## INPUT:
########

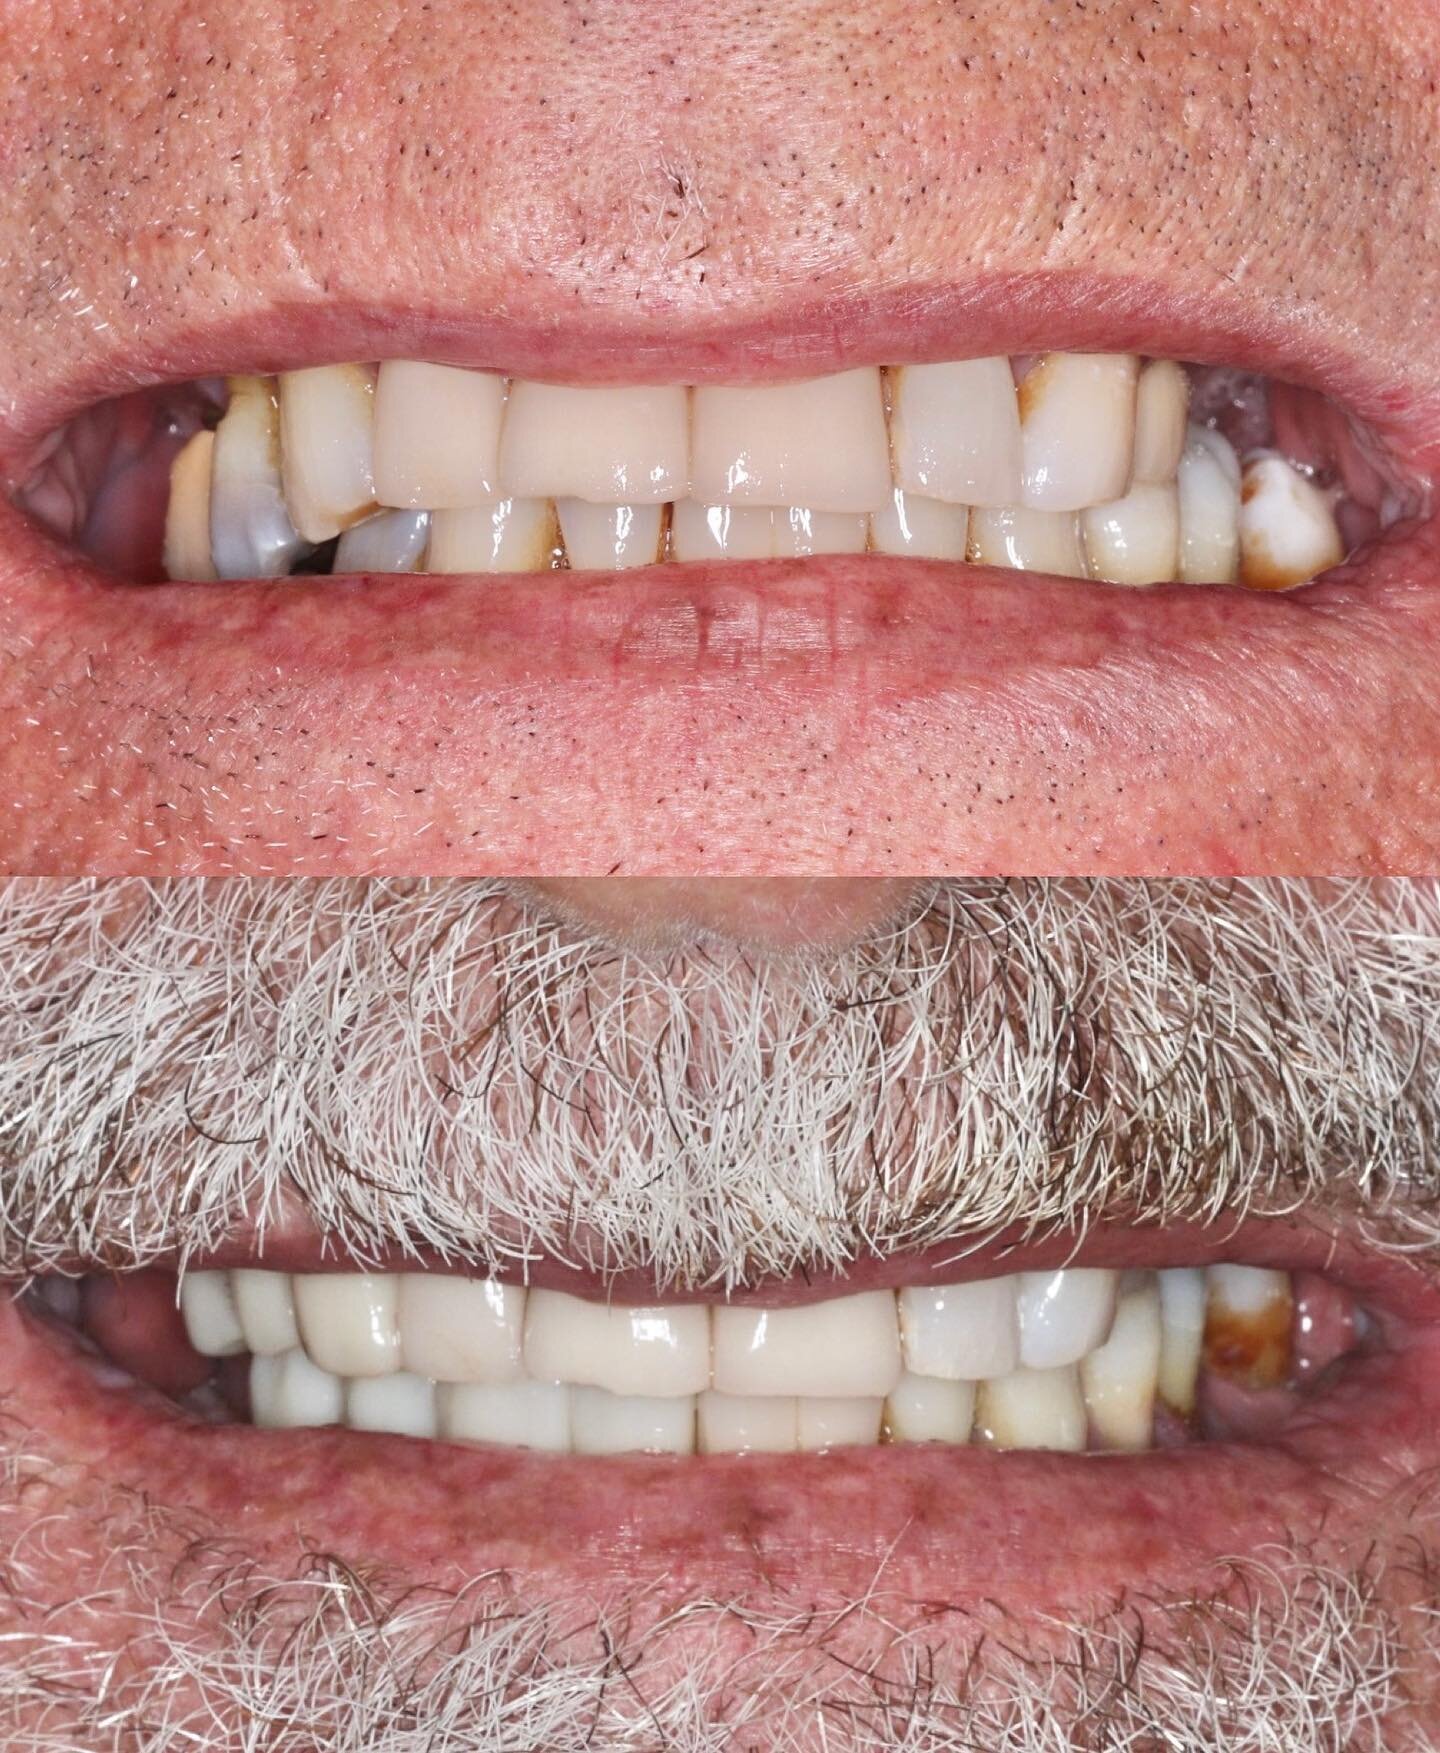 Patient concerned his teeth were &lsquo;drooping&rsquo; on the right. Failing teeth removed and smile line corrected with a tooth-borne bridge ☝️ and implant-borne bridge 👇

Can&rsquo;t take any credit for the beard 😉

Implant: @straumannuk 
Cerami
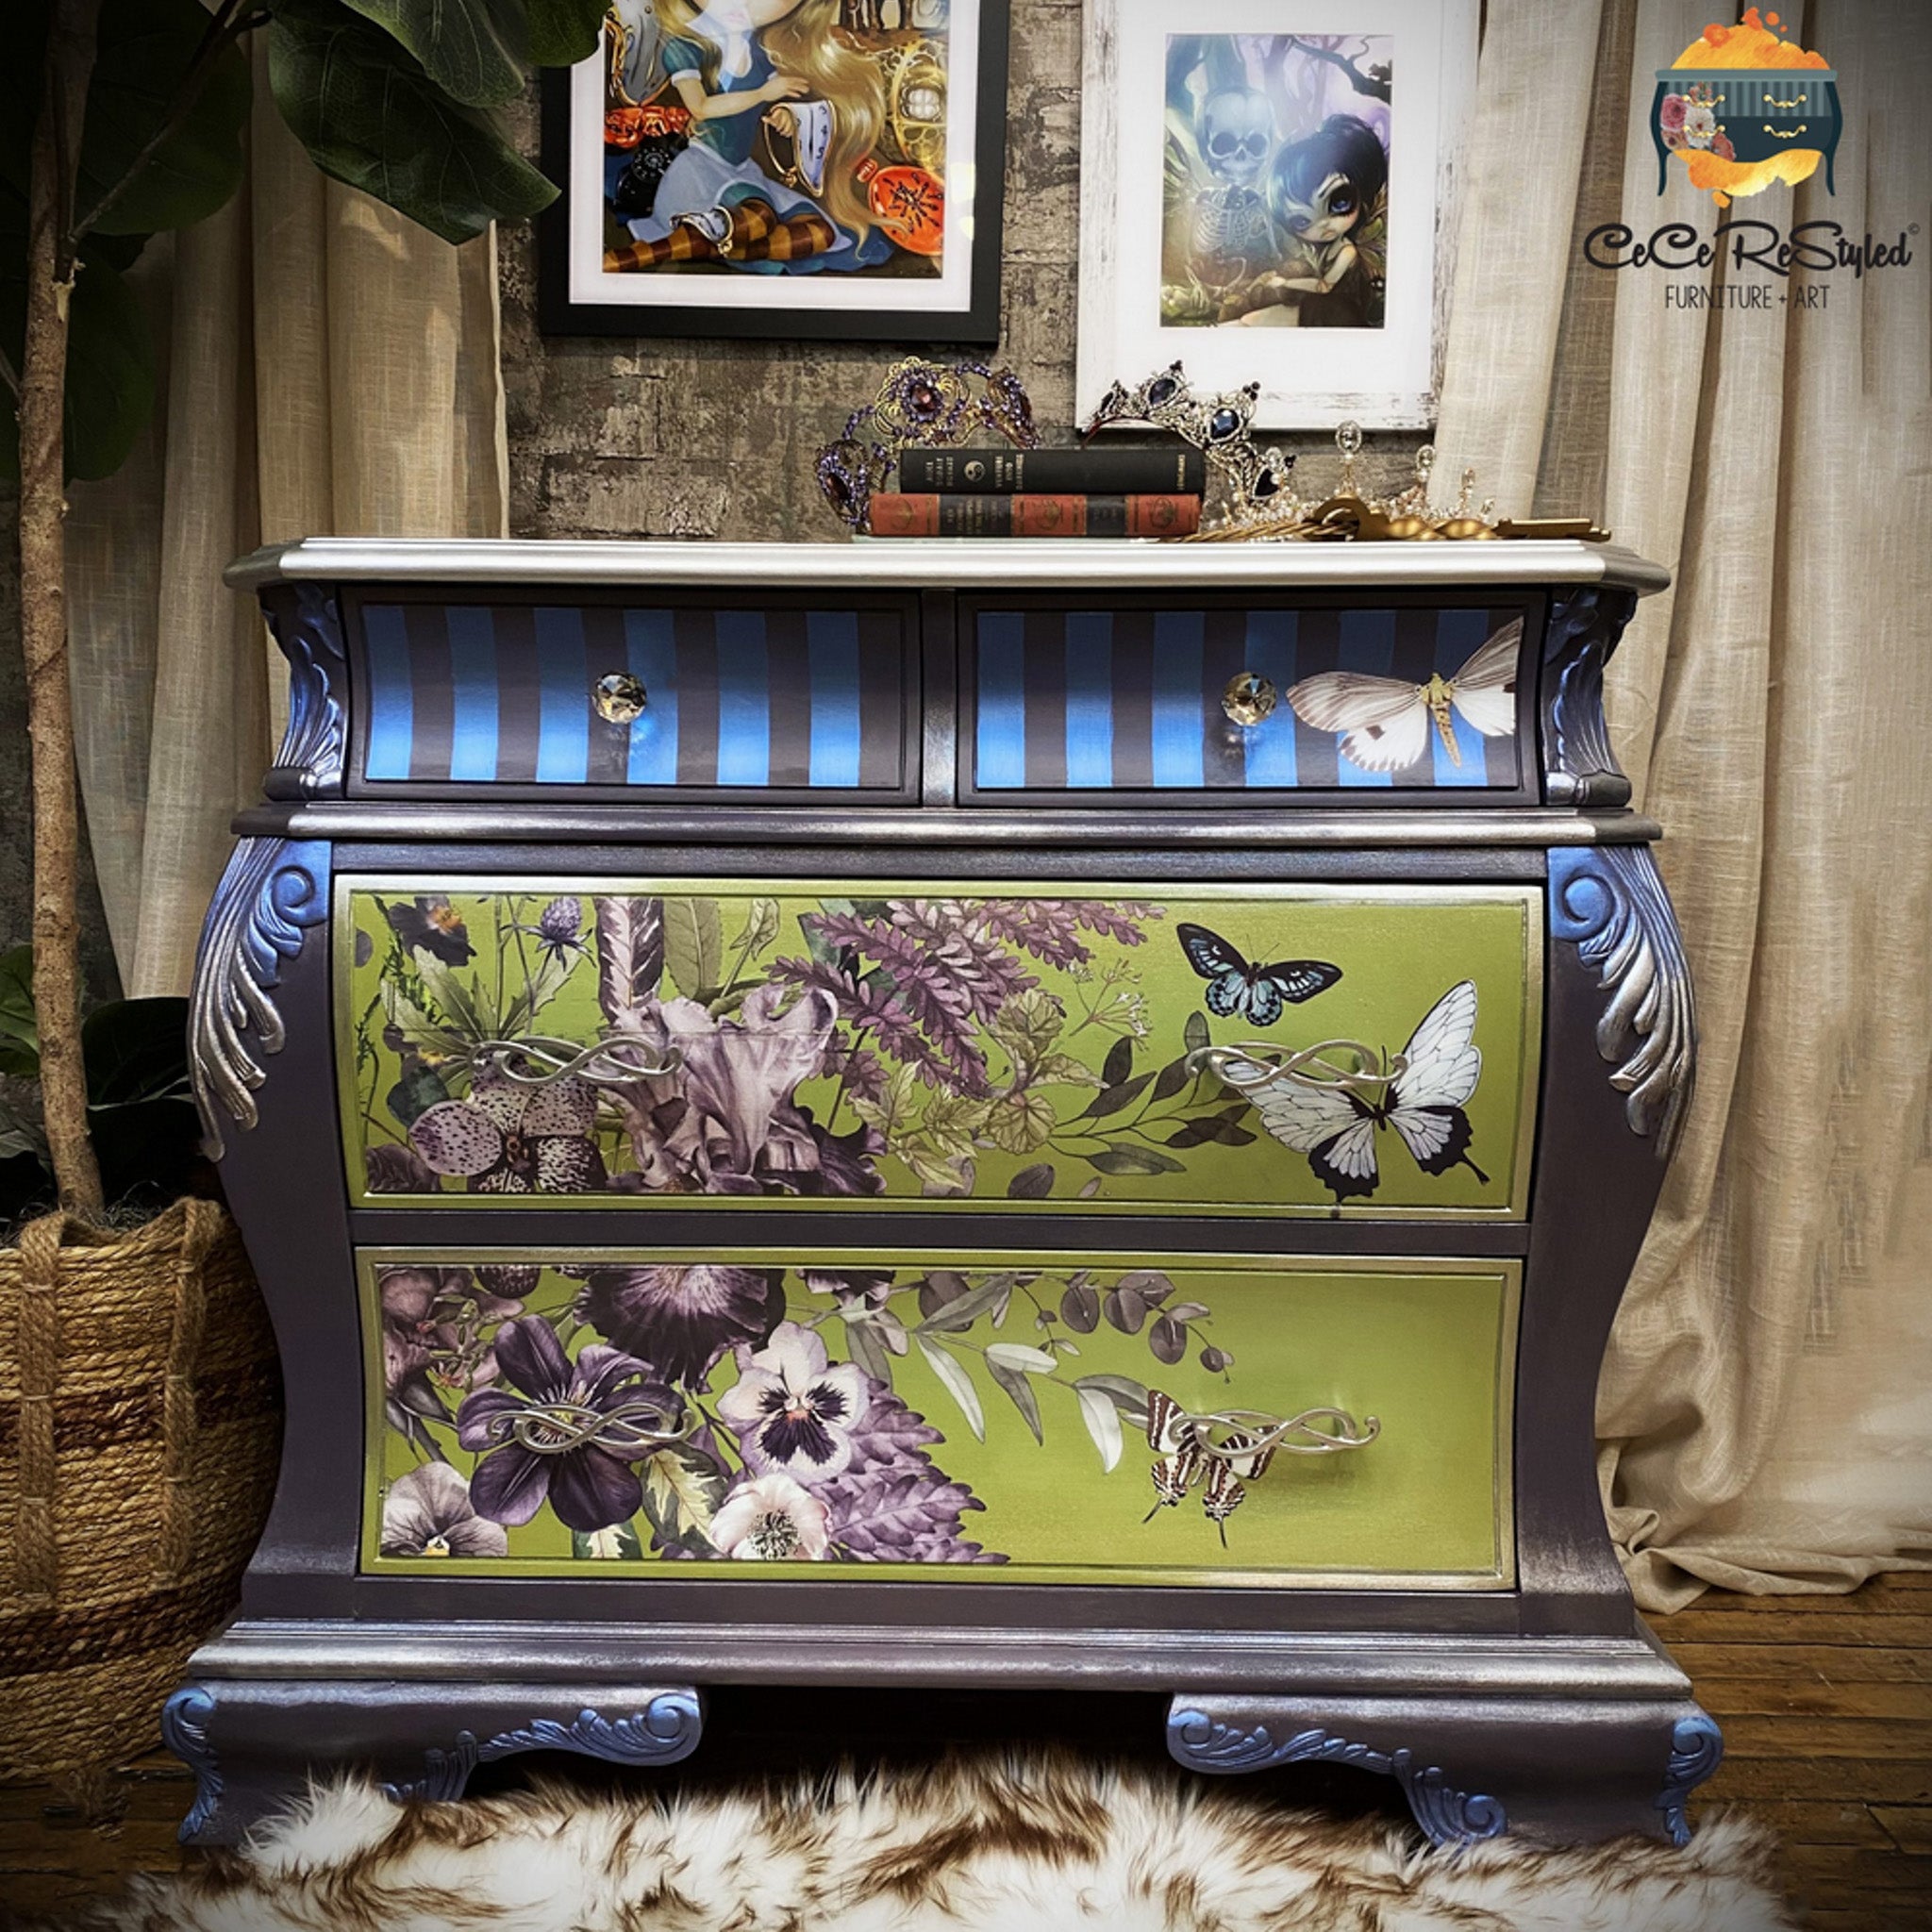 A vintage Bombay style dresser refurbished by CeCe ReStyled is painted dark grey with blue highlights and Spring green drawers and features ReDesign with Prima's Vigorous Violet on the drawers.

########

## EXERCISE OBJECTIVE:
When the listing is transcribed, every line must match the original exactly, and the pictures must be left out.

## WRITTEN REPLY:
 Patient concerned his teeth were &lsquo;drooping&rsquo; on the right. Failing teeth removed and smile line corrected with a tooth-borne bridge ☝️ and implant-borne bridge 👇

Can&rsquo;t take any credit for the beard 😉

Implant: @straumannuk 
Cerami
 A vintage Bombay style dresser refurbished by CeCe ReStyled is painted dark grey with blue highlights and Spring green drawers and features ReDesign with Prima's Vigorous Violet on the drawers.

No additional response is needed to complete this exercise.